Since the metric $g_{\mu\nu}=g_{\nu\mu}$ is symmetric, we must demand that

$$\begin{align} \delta g_{\mu\nu}~=~&\delta g_{\nu\mu}\cr~=~&\frac{1}{2}\left(\delta g_{\mu\nu}+\delta g_{\nu\mu}\right)\cr~=~&\frac{1}{2}\left( \delta_{\mu}^{\alpha}\delta_{\nu}^{\beta} + \delta_{\nu}^{\alpha}\delta_{\mu}^{\beta}\right)\delta g_{\alpha\beta},\end{align}\tag{1}$$

and therefore

$$ \frac{\delta g_{\mu\nu}}{\delta g_{\alpha\beta}} ~=~\frac{1}{2}\left( \delta_{\mu}^{\alpha}\delta_{\nu}^{\beta} + \delta_{\nu}^{\alpha}\delta_{\mu}^{\beta}\right).\tag{2}$$

The price we pay to treat the matrix entries $g_{\alpha\beta}$ as $n^2$ independent variables (as opposed to $\frac{n(n+1)}{2}$ symmetric elements) is that there appears a half in the off-diagonal variations.

Another check of the formalism is that the RHS and LHS of eq. (2) should be idempotents because of the chain rule.

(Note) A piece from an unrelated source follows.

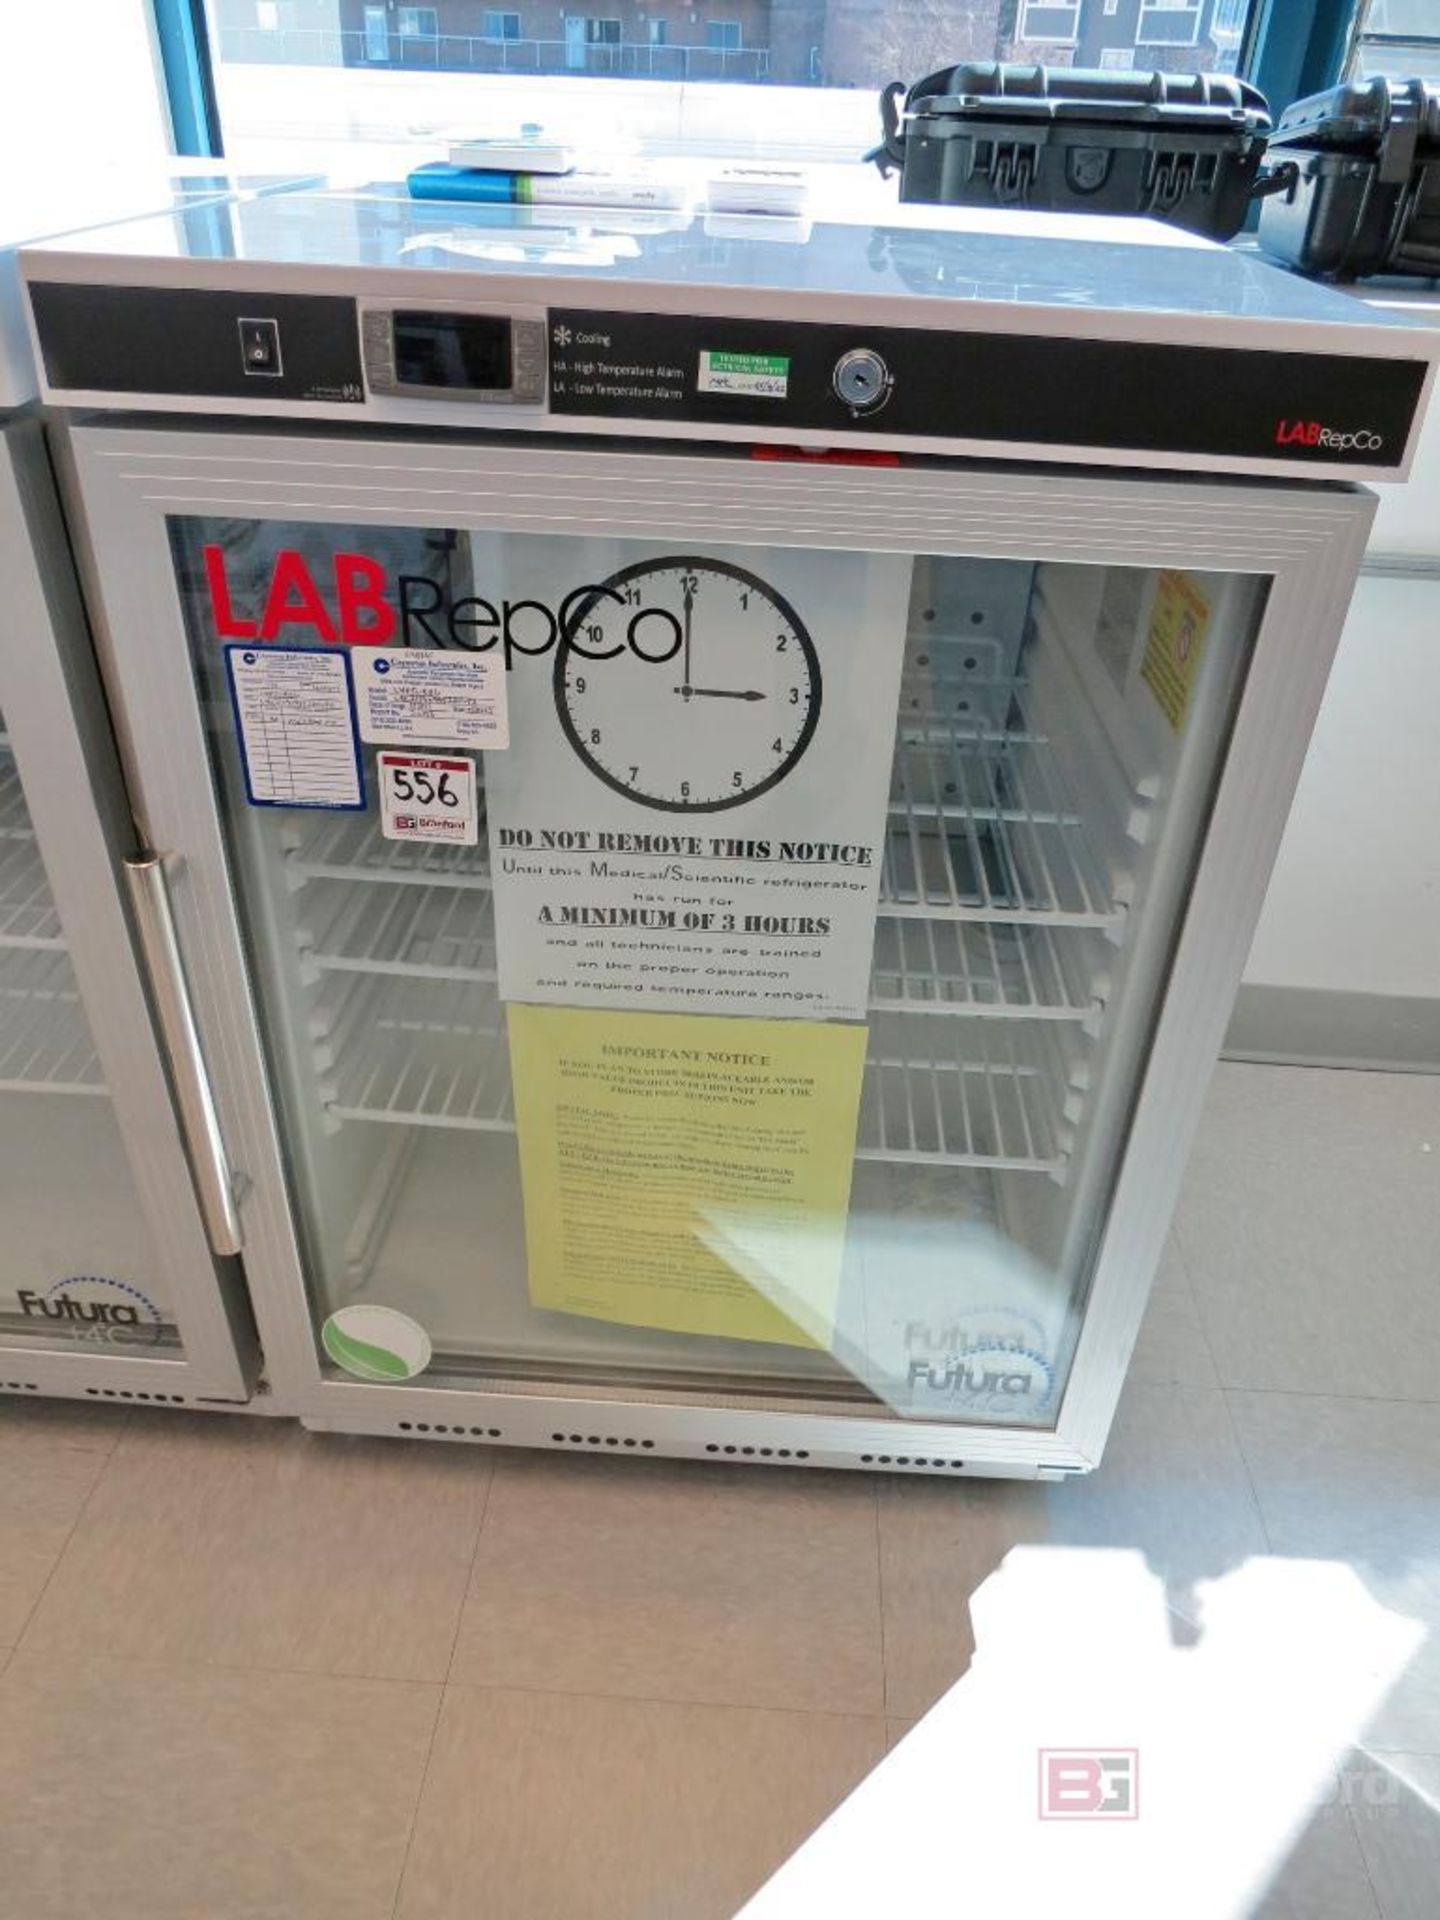 LabRepCo LHP-5-URBG Futura +4°C Glass Door Refrigerator

For further motivation, see e.g. this Phys.SE post.

Qmechanic
  • 201,751
  • I also considered this, but consider

    $\frac{\delta g^{12}}{\delta g^{12}} = \frac{1}{2}(\delta^1_1\delta^2_2 + \delta^1_2\delta^2_1) = \frac{1}{2}$

    Would I not expect to get 1?

    – Sam Nov 26 '14 at 23:57
  • Thank you, I had to think about it for a while but it makes sense now :) – Sam Nov 27 '14 at 21:48
  • Hey, Sam. I got linked to this question from a similar one I had: https://physics.stackexchange.com/q/335173/.

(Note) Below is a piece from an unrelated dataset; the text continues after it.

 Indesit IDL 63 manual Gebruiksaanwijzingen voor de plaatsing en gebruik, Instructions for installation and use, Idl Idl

    I still don't quite get the issue with the factors of $\frac{1}{2}$. Why did it eventually make sense to you that $\frac{\partial g^{12}}{\partial g^{12}} = \frac{1}{2}$? That just looks so wrong to me.

    – Klein Four May 26 '17 at 20:34
  • 4
    The point is that the two elements $g_{12}=g_{21}$ are equal, so they cannot be varied independently. If you (wrongly) think that $\frac{\partial g_{12}}{\partial g_{12}}$ should be $1$, while $\frac{\partial g_{21}}{\partial g_{12}}$ should be $0$, then recall that they are actually equal $\frac{\partial g_{12}}{\partial g_{12}}=\frac{\partial g_{21}}{\partial g_{12}}$! – Qmechanic May 26 '17 at 20:50
1

Another approach would be - adapted to the case of symmetric matrices in the OP but also valid for general symmetric arrays as well as in many other contexts - to consider the space $S^2_n$ of $n\times n$ symmetric matrices, viewed as the coordinate space $S^2_n=\mathbb R^{n(n+1)/2}$ with standard coordinates $$(s^{ij})_{i\le j}=(s^{11},s^{12},...,s^{1n},s^{22},s^{23},...,s^{33},s^{34},...),$$ and thus a function $f(s)=f(s^{11},s^{12},...,s^{1n},s^{22},s^{23},...)$ does not depend on any of the $s^{ji}$ ($i<j$) because those are not actually coordinates on $S^2_n$.

Also define $T^2_n$ to be the space of $n\times n$ matrices, viewed as $T^2_n=\mathbb R^{n^2}$, with (unrestricted) coordinates $$(x^{ij})_{i,j=1,...,n}=(x^{11},...,x^{1n},x^{21},...).$$

In this approach, $S^2_n$ is not a subspace of $T^2_n$, but we can define two maps, an inclusion $\imath:S^2_n\rightarrow T^2_n$ and a projection/symmetrization $\sigma:T^2_n\rightarrow S^2_n$, defined as follows.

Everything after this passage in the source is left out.